OpenAI's best Whisper checkpoint, named [Whisper large-v2](https://huggingface.co/openai/whisper-large-v2), has 32 encoder layers and 32 decoder layers. 32 layers is quite a lot! Let's visualize the model:

![img](https://huggingface.co/datasets/patrickvonplaten/images_distil/resolve/main/whiser_arch_old.png)

Here, $\mathbf{X}_{1:T}$ represents the speech input. It is mapped by the encoder (shown in green) through a single forward pass. The encoder ouputs, i.e. the  encoder hidden-states $\mathbf{H}_{1:M}$, are then used in the cross-attention layers in each decoder block.

Starting with a start-of-sequence token $y_0$, the decoder (shown in orange) auto-regressively generates the text tokens in the transcription. In the visiualization above, there are 5 decoder forward passes, one for each $\mathbf{P}(y_i | \mathbf{y}_{0: i - 1}),  \forall i$.

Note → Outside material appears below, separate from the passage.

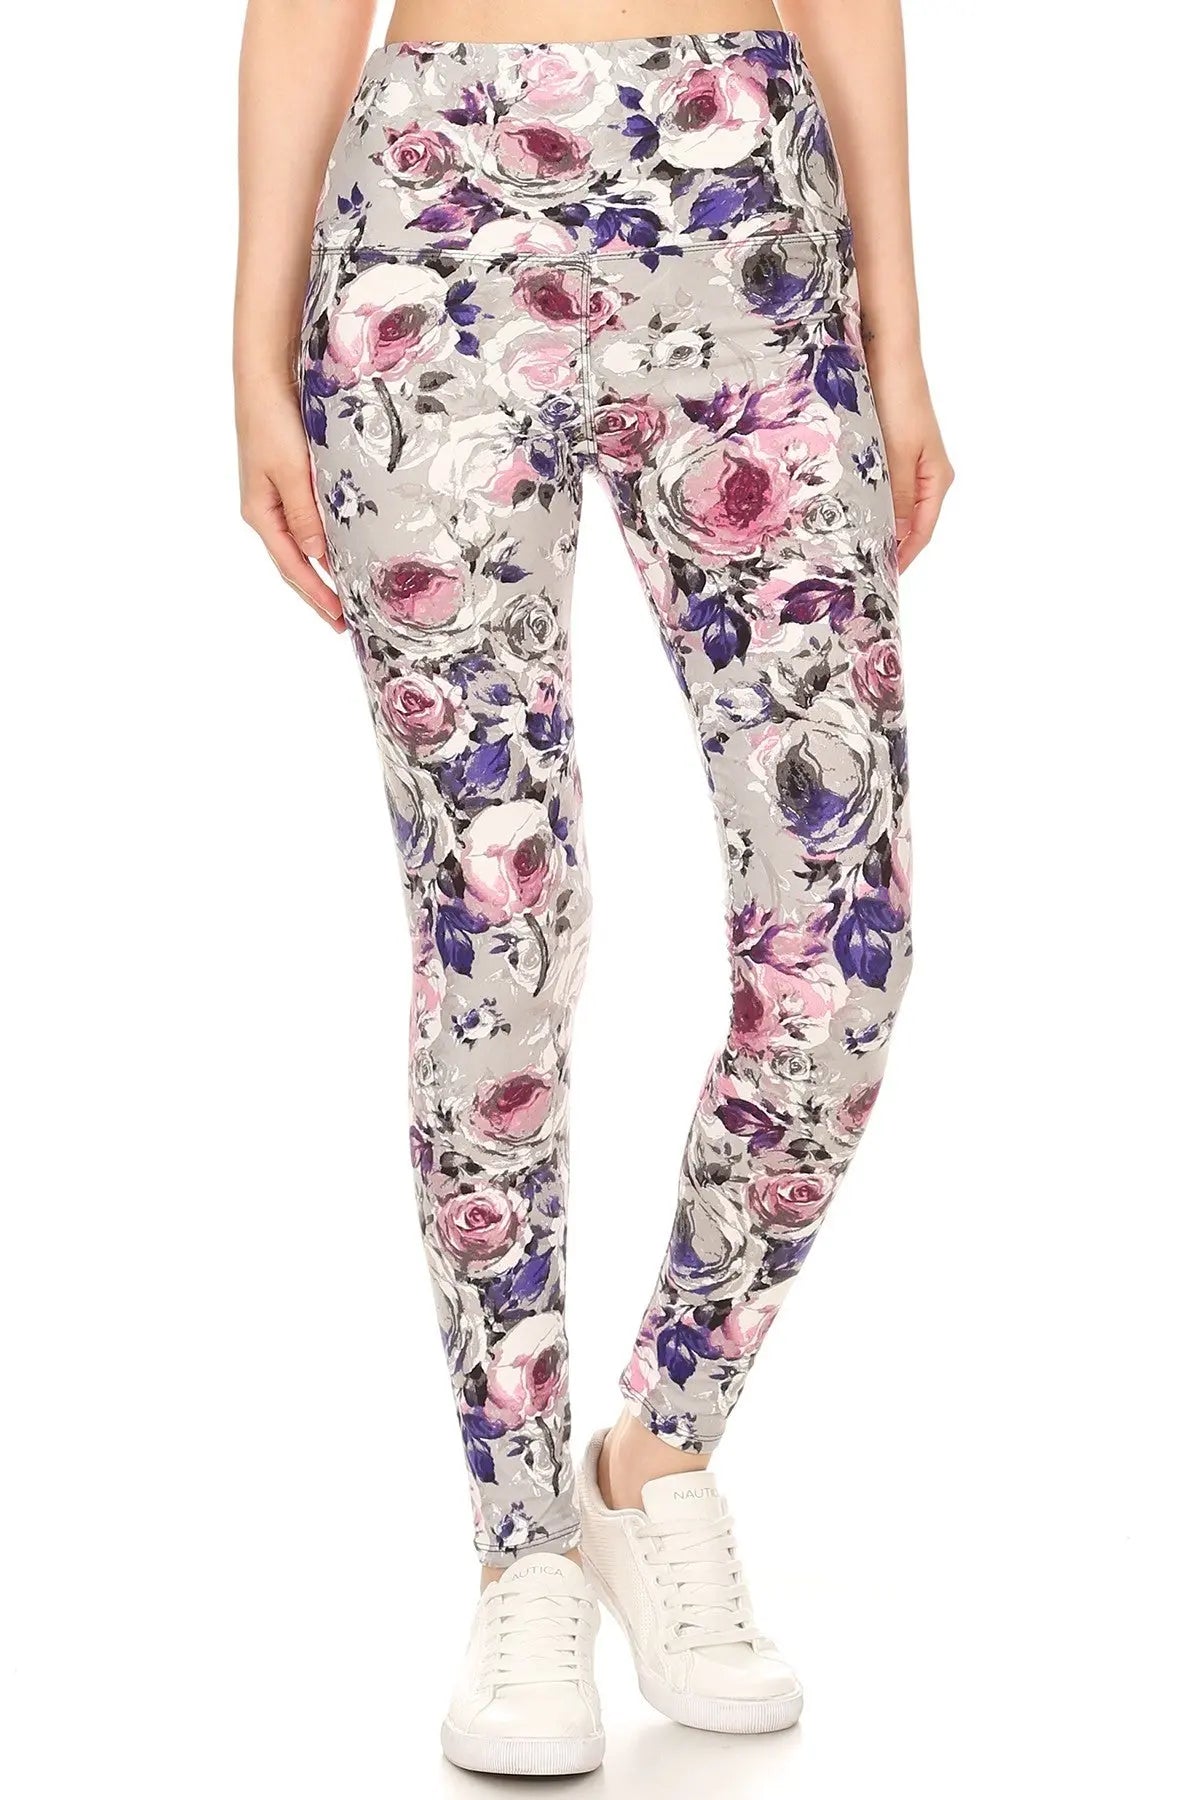 5-inch Long Yoga Style Banded Lined Floral Printed Knit Legging With High Waist Sunny EvE Fashion

In practice, the decoder is run up to 128 times (depending on the length of the transcription), which means that there many more forward passes through the decoder then the encoder. The result is that the decoder is responsible for over **90% of the inference time** in Whisper.

This is the motivation behind Distil-Whipser: we make the decoder faster in order to speed-up the inference time of model. With this in mind, let's take a look at the Distil-Whisper architecture:

![img](https://huggingface.co/datasets/patrickvonplaten/images_distil/resolve/main/distil_arch_old.png)

Just two decoder layers! That means to generate a transcription of 128 tokens, Distil-Whisper needs to run only 256 decoder layer forward passes, while Whisper large-v2 has to run 4096 forward passes. Since the encoder is only run once, we copy the entire encoder and *freeze* it during training. This means Distil-Whisper inherits Whisper's robustness to different audio conditions.

## Benchmarking

Great, now that we've understood why Distil-Whisper should be faster in theory, let's see if it holds true in practice.

To begin with, we install `transformers`, `accelerate`, and `datasets`.

In this notebook, we use a A100 GPU that is available through a Colab pro subscription, as this is the device we used for benchmarking in the [Distil-Whisper paper](https://huggingface.co/papers/2311.00430). Other GPUs will most likely lead to different speed-ups, but they should be in the same ballpark range:

In [None]:
!pip install --upgrade --quiet transformers accelerate datasets

Collecting transformers
  Downloading transformers-4.34.1-py3-none-any.whl (7.7 MB)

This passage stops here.